Мне ничего неизвестно о нынешней Индии, но я читаю Рабиндраната Тагора — маленькую книжку стихов, — и говорю: ‘Это все еще великий народ’. Или вы думаете, это пустяк, маленькая книжка стихов! Она — свидетельство о веках и веках творческой работы народа. Для того чтобы создать эту книжку, нужно было столько героев и гениев, столько мощных величавых поколений.
Народ Верхарна! Не напрасно вещий
Тебя прославил: жив твой мощный дух!
Он молнией в дыму сражений блещет,
Он в громе пушек нам вещает вслух.
Нам не забыть, как ты в любимом Льеже
Свою свободу гордо ограждал.
Твои сыны, как в славном прошлом, — те же:
Поэт дал клятвы, ты их оправдал.
Есть круговая порука между народом и гением. Народ оправдывает вещания поэта. Но Верхарн мало известен в Европе. И потому удивительно ли, что в наши огненные, страшные дни, когда человечество забыло о книгах и помнит только о штыках, пулеметах, единственный поэт не забыт, и этот поэт Метерлинк! В нем хочет видеть весь мир воплощение изумительной Бельгии, Франция избирает его в свою Академию бессмертных, англичане приветствуют его, как Гарибальди, газеты и журналы всего мира так много теперь пишут о нем, что подумаешь: он — полководец.

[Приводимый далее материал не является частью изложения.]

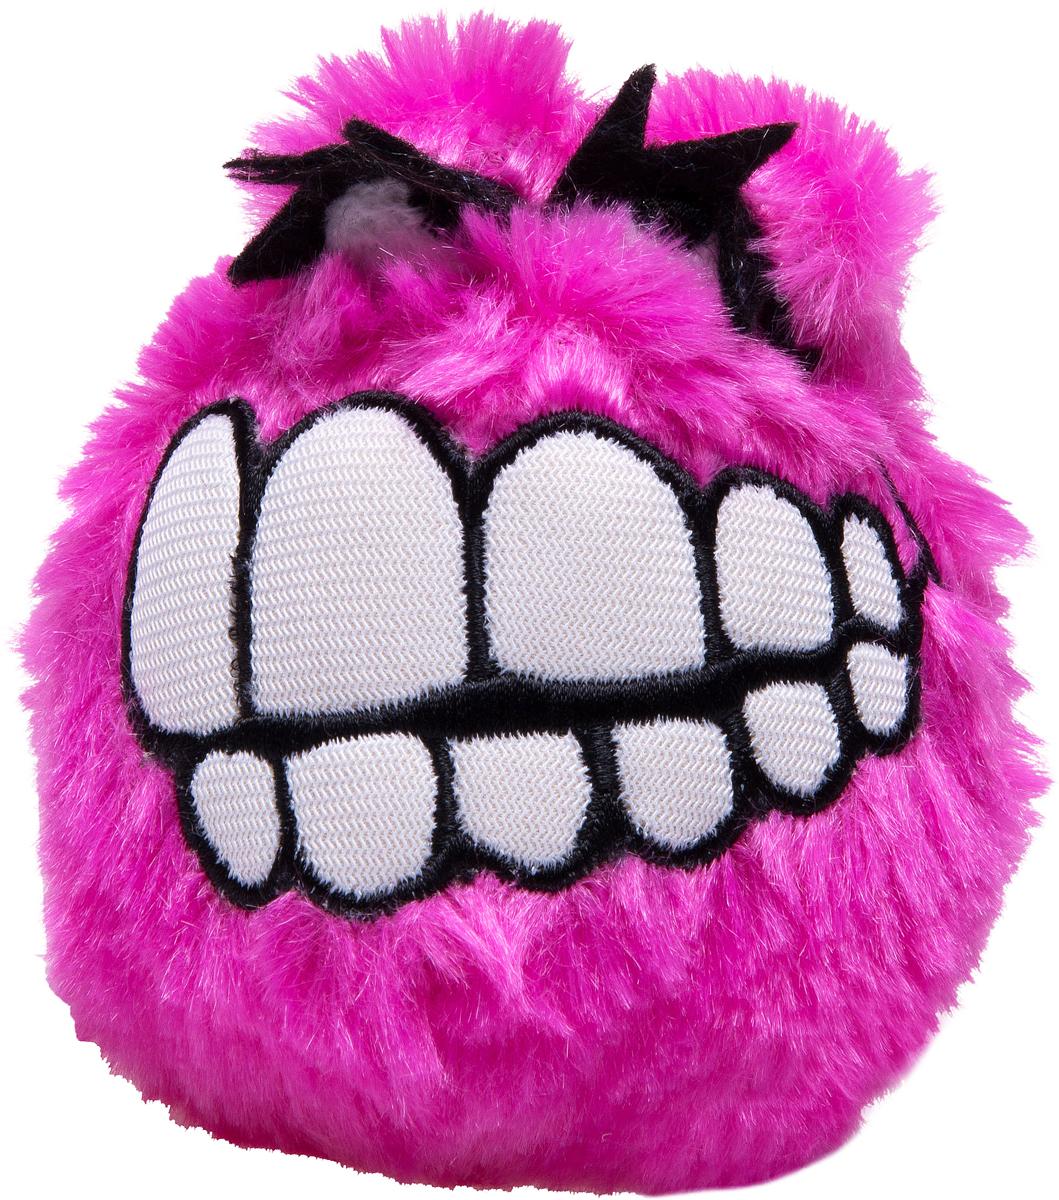 Игрушка для собак Rogz Fluffy Grinz. Зубы, цвет: розовый, диаметр 6,4 см75312Игрушка для собак Rogz Fluffy Grinz. Зубы - особо мягкий, плюшевый мяч. Для животных, которые любят играть в Поймай-принеси - это просто мечта.Небольшой вес изделия.Не травмирует зубы и десны.Удобен для переноски животных.Внутри игрушки пищалка, что поддерживает интерес животного к игре.

О нем теперь в Америке, в Англии появляются целые книги, и об одной такой книге хочется здесь рассказать.
II
Книга напечатана в Лондоне и называется так: ‘Maurice [Maeterlinck]. A Critical Study by Una Taylor’, т.е. ‘Морис Метерлинк. Критическое исследование г-жи Уны Тэйлор’.
‘Разве мы не похожи на человека, потерявшего глаза в раннем детстве? Когда-то он видел несметные явления жизни, видел солнце, море, леса. Теперь эти чудеса навсегда сохранились в его существе’, — но он о них почти позабыл. Все эти люди позабыли о них, за исключением трех-четырех, и в числе этих трех-четырех — Метерлинк. Он не говорит ни о чем, только об этих явлениях. Спросите у него: который час? — он величественно ответит вам: вечность. Поведите его в самую обыкновенную комнату, где пять или шесть человек говорят о дождливой погоде, он скажет: здесь премудрость и тайна! За этим ничтожным разговором шесть человеческих душ ведут такую вещую беседу, к которой ни один человеческий ум не может приблизиться без содрогания!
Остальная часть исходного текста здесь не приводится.